My counterpart's form shimmered, a twist of the light revealing that the flesh and blood form was actually just glass. Lines appeared in the form as it split into shards and froze. A light built through the room, and colours I couldn't even begin to name reflected and refracted through the shards of my former other self, spreading light into every corner of the cavern. Despite the looming dark, the cavern was much smaller than it looked. The walls were barely a few feet beyond the precipice of where the shadow had started. Every inch of every one was covered in odd sigils, glyphs, shapes, and forms that shimmered against the dark rock. As the colours hit the wall, they melted into the shapes, filling them. The light spread more and more, pushing back the dark wherever it reached.
Above a pair of thick cloth... curtains (?), the light flooded into a new symbol. Two circles, one inside the other. The outer circle was bisected by three lines, dividing it into thirds. The inner circle held a diamond - a really blocky, square one - with two right-angled lines coming out of the top like wings.
I walked over to the door, and pushed on it. I wasn't expected much. But open it did. The next room was... I don't know, a temple? I didn't think Native Americans had those, but it's the only word I could think of to describe it. The walls were lined with logs and furs, and the ground with many, many pelts. Some of them were uncomfortably... inky. Dotted throughout the space were what I can only call Shrines. If there was another word for them, I didn't know it.
I walked up to the last one, furthest from the door. Dog. That was not what I expected. A blank polaroid. This situation is getting weirder and weirder. But it gave me an idea. I held my hand over it. My head was killing me. My hand was killing me. My ribs were bruised to hell and back.
Perfect.
I closed my eyes and channeled energy down into the image. The magic took hold, shifting the colours, compounds, and dyes behind the film covering. White for the snow, browns and greens for the forest, and red. For the tulips. Then I threw in the Wardens, Caoimhe, Ebenezar, and Listens-to-Winds. Oh, and Little Brother.
I felt the cold breeze on my skin. Then, I opened my eyes.
All of my companions were standing around the cold, open space outside the tented entrance to the cave. Every one of them was confused and looking around in open surprise. "What the hell?" One of them blurted. I wasn't sure who. I was too focused on one particular person. I had a message to give.
I walked over to Listens-to-Wind. "The Cave will take care of the Old Thing."
He nodded. "You passed the challenges, then?" He didn't wait for an answer. "I'll make sure we get someone to come by. Do a little cleaning, refuel the circles."
"Wait, wait." Caoimhe stepped forward, hands outstretched. "What the hell went on in there? I was wanderin', and then I was just... out here." She turned to me. "What did you do?"

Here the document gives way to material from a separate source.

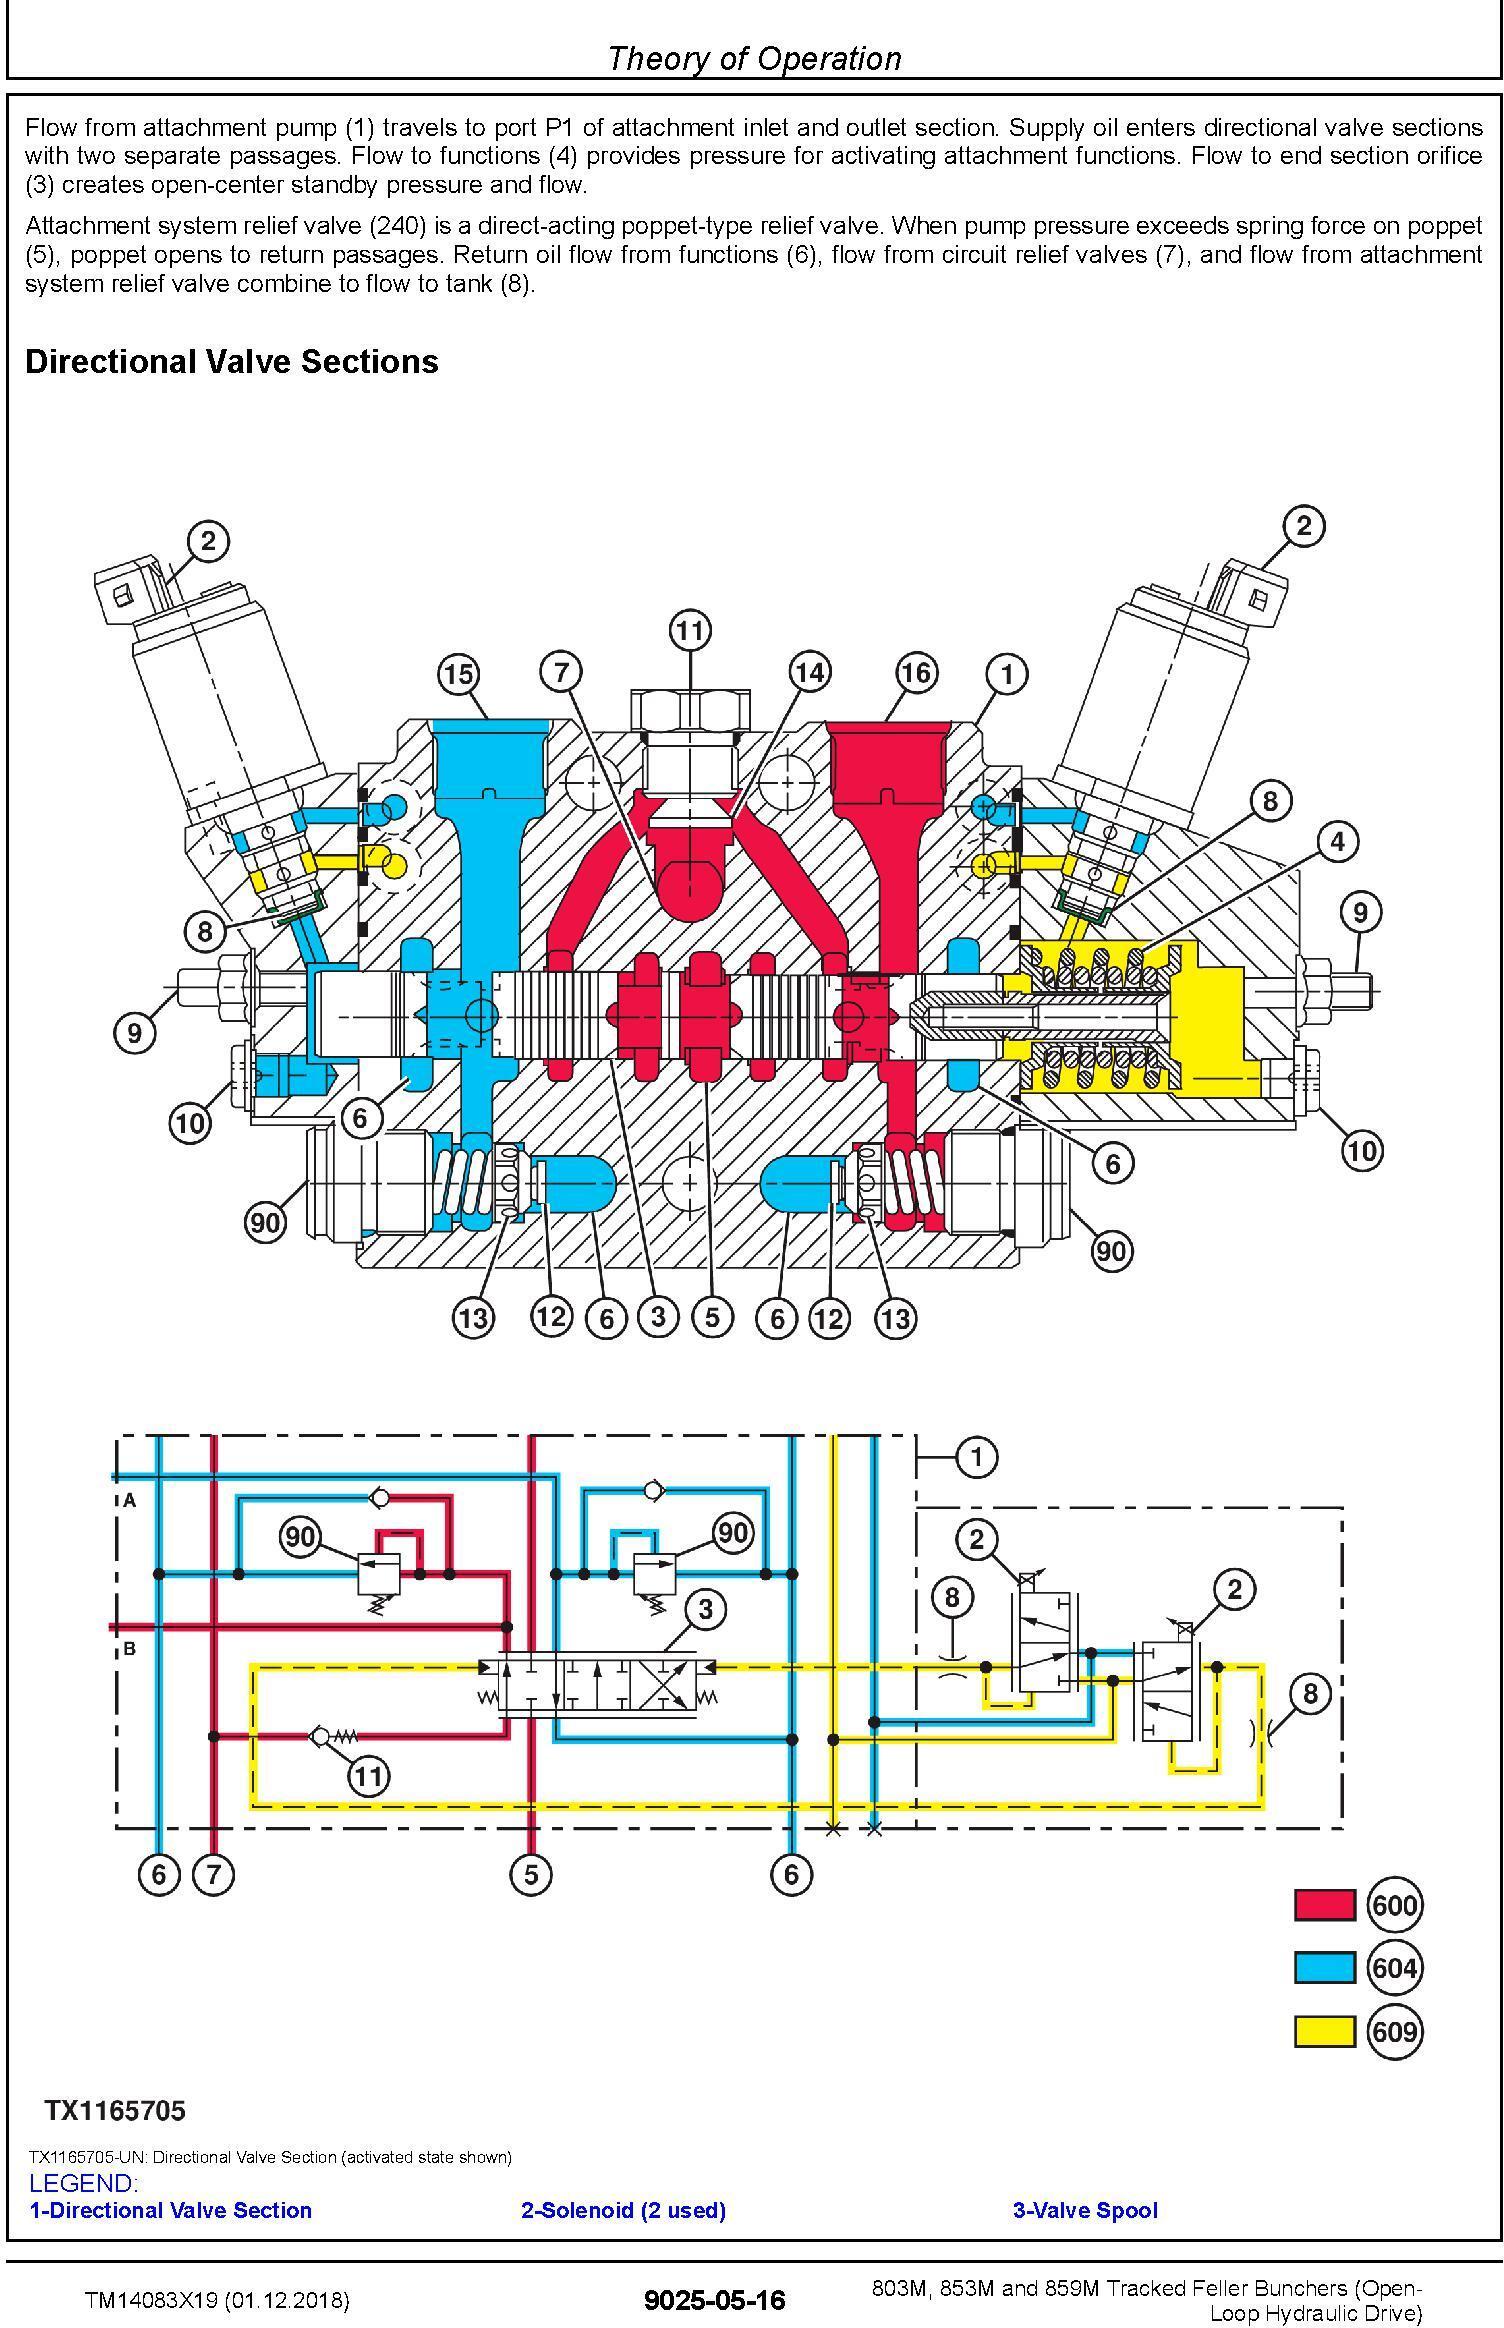 John Deere 803M,853M (SN.F293917-,L343918-) Feller Bunchers (Open-Loop) Diagnostic Manual TM14083X19 - 3

What the hell, right? Nothing to prove. I told them the whole story. Kept it simple, though. As I finished off the battle, and described how I'd made my way back up here, Caoimhe leaned back on her haunches. "Damn."
"Yep."
Anna and Ellis were chatting quietly, debating parts of my story and matching it to different bits of what I vaguely recognised as Arcane Theory. I pulled myself up. Ebenezar was watching me silently. Listens-to-wind leaned in and clasped my hand in his. It was quite clammy. "Thank you, Max. You've done something great here today."
I smiled. "Thank you, sir."
"Shall we get back to the Way?" Ebenezar asked.
I jumped at the chance. "Yes, please. It's so freaking cold here." And off we went, returning to the Mill. I still needed to have that conversation with Weatherwax about my fucking vocal cords.